Lumbar spine surgery for octogenarians

March 8 was International Women’s Day, and on that day, I performed a slip resurfacing and enlargement of the spinal canal for an 84-year-old woman with lumbar spondylolisthesis and severe spinal stenosis. The operation went well, with only 80 ml of bleeding and an operating time of 1 hour and 35 minutes. The old woman had lumbar pain for nearly 20 years. At first, she only had lumbar pain and felt lumbar pain when she moved more or sat for a long time. Gradually, the back pain gradually worsened, and she felt pain even when she was sleeping. The left lower limb was swollen and painful from the hip to the back of the foot as if a tendon was pulled. The old lady’s partner was bedridden with many diseases, but the back pain and leg pain made it impossible for the old lady to take care of her partner, and she couldn’t even go out to buy some daily necessities for her partner, and she had to walk for half an hour to reach the 200-meter distance.
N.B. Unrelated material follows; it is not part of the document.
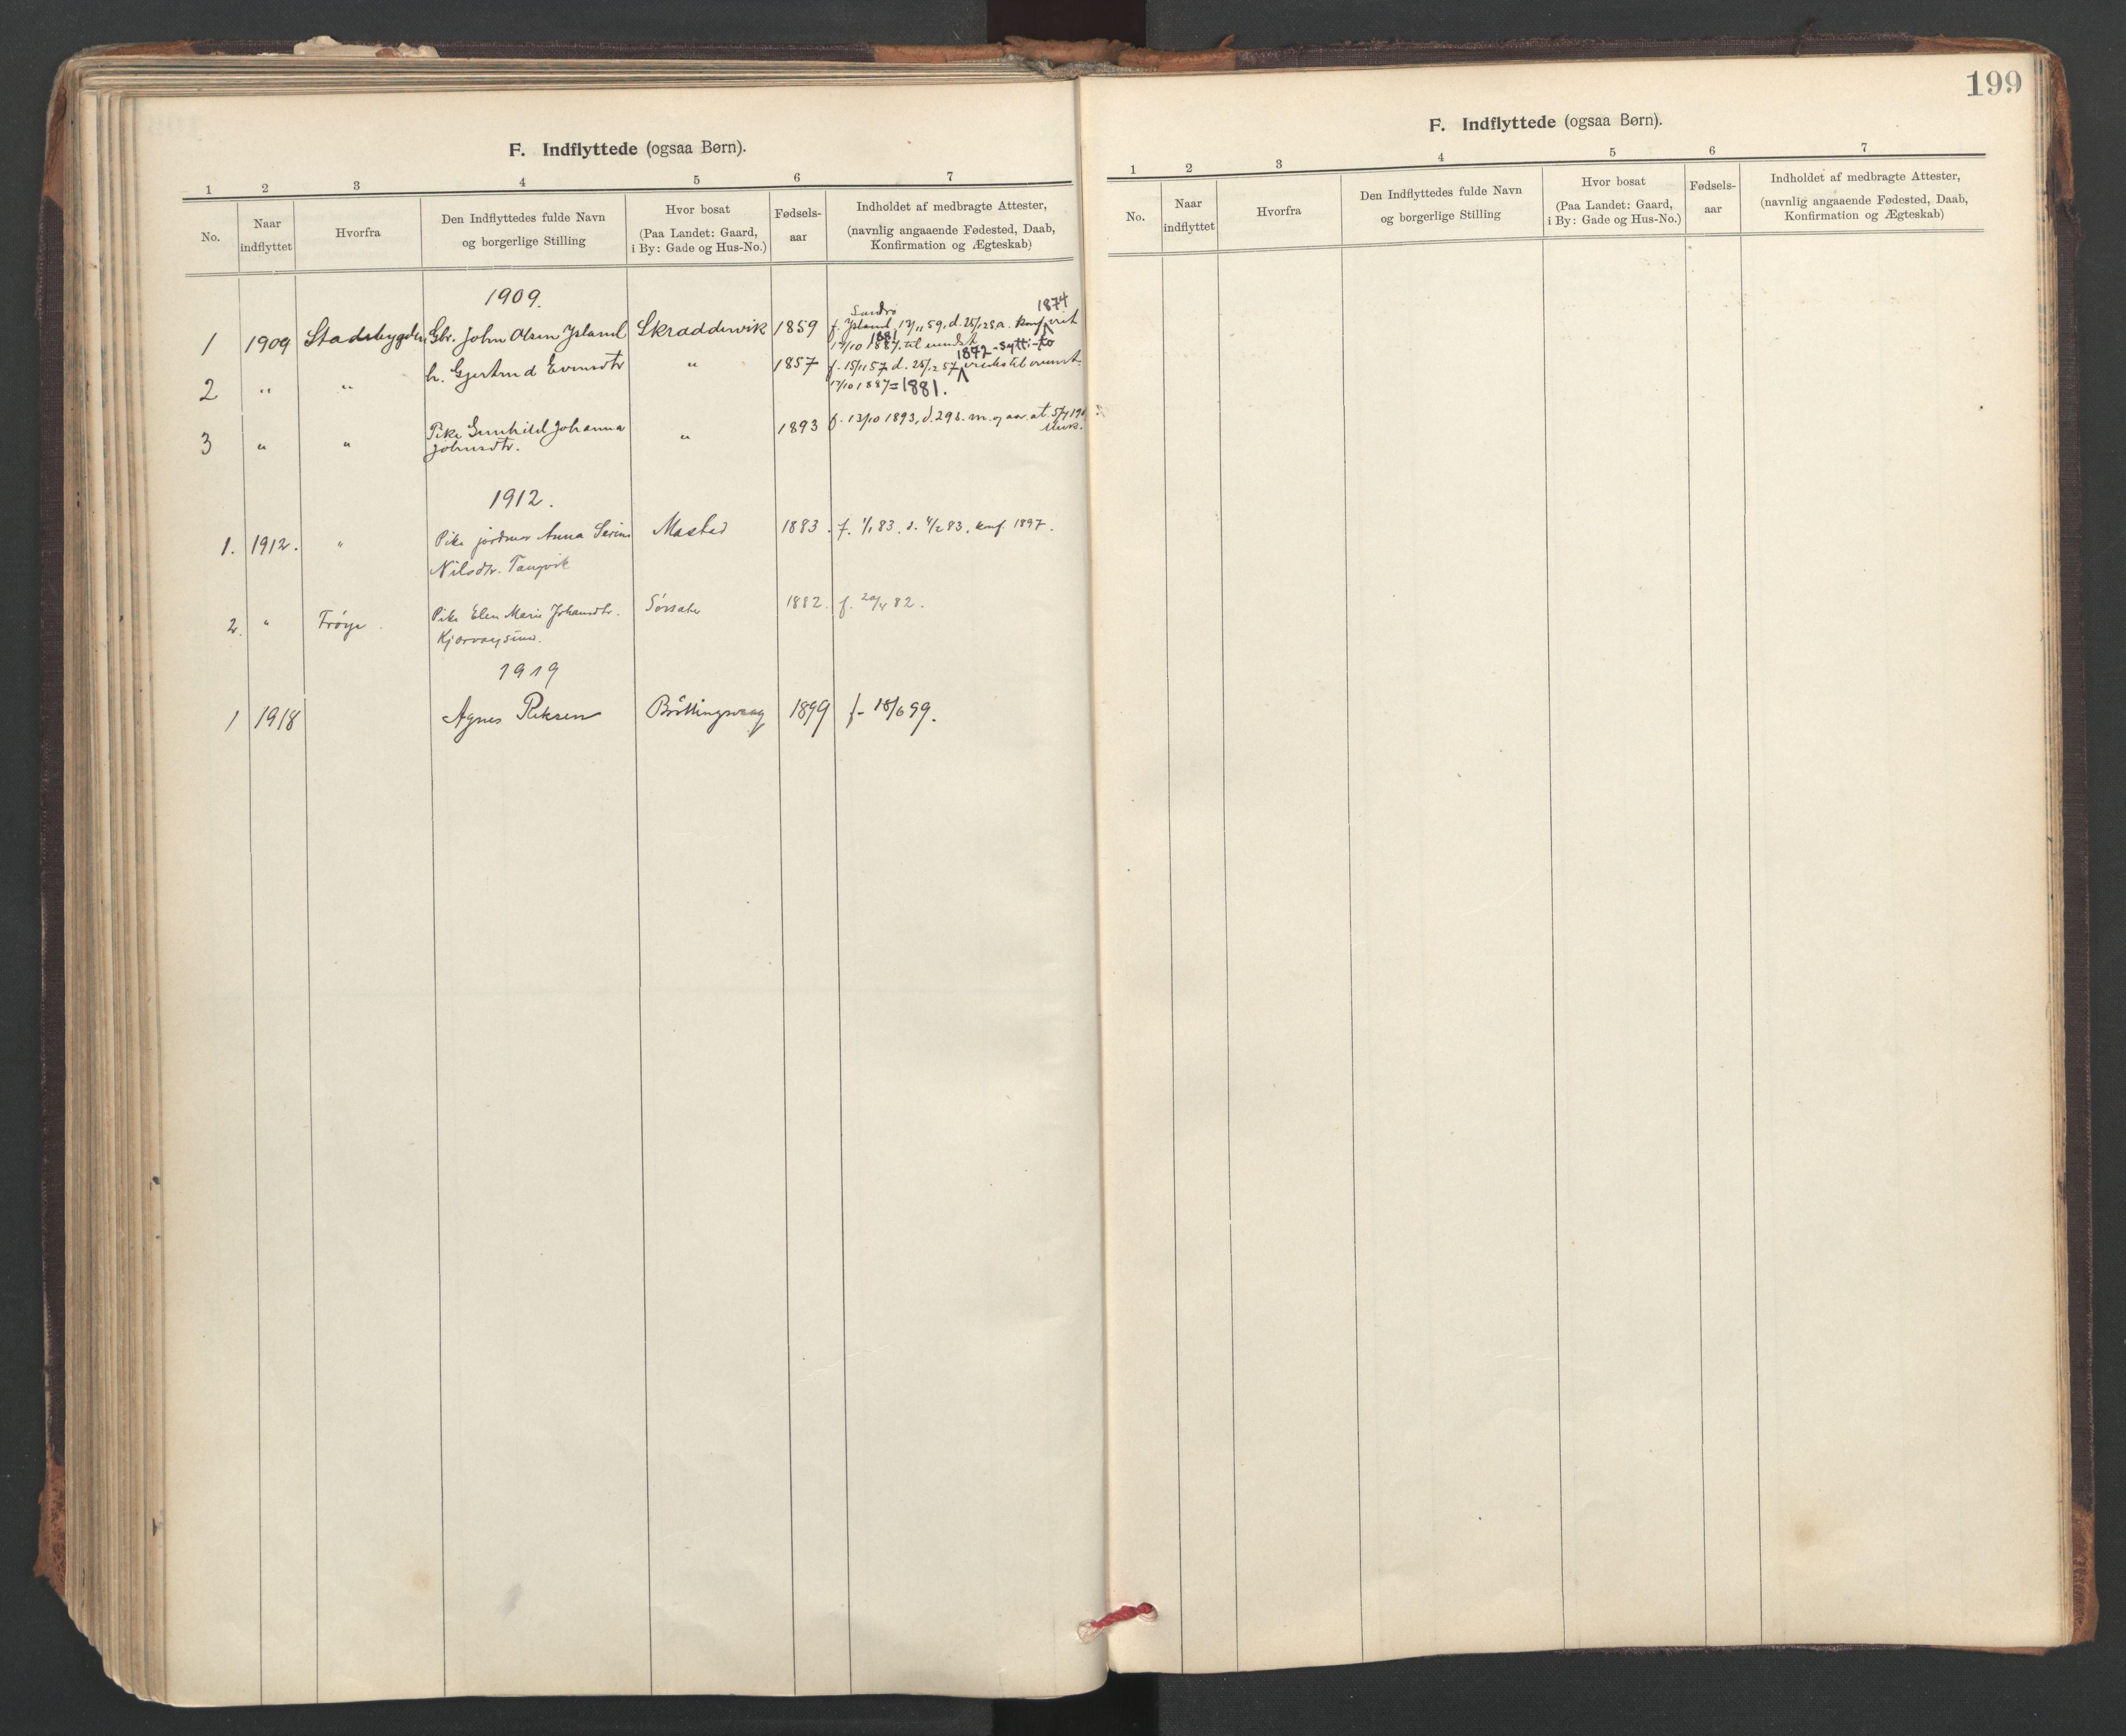 SAT, Ministerialprotokoller, klokkerbøker og fødselsregistre - Sør-Trøndelag, 637/L0559: Ministerialbok nr. 637A02, 1899-1923, s. 199

The old man was in great pain and went to several hospitals and was diagnosed with lumbar spondylolisthesis combined with severe spinal stenosis. This disease requires surgery to completely relieve the patient’s pain. However, the doctors who saw him did not use surgery to treat him because he was too old, and only treated him symptomatically through physical therapy and oral medication. In early March, a neighbor of the old man referred her to me, and after careful examination and reading of the old man’s laboratory results, I analyzed that the patient could be treated for lumbar spondylolisthesis and spinal stenosis through a small incision, and accepted the patient for surgery. Today is March 11. When I checked the patient in the morning, the old lady was in good spirits and happily took my hand and said that now her back does not hurt anymore, and that fatal left leg soreness and pain is gone, and she also demonstrated to me that she could lift her left leg very high. I was very pleased to see the good treatment effect of the old man and encouraged him to eat more nutritious food and try to walk on the ground one week after the operation.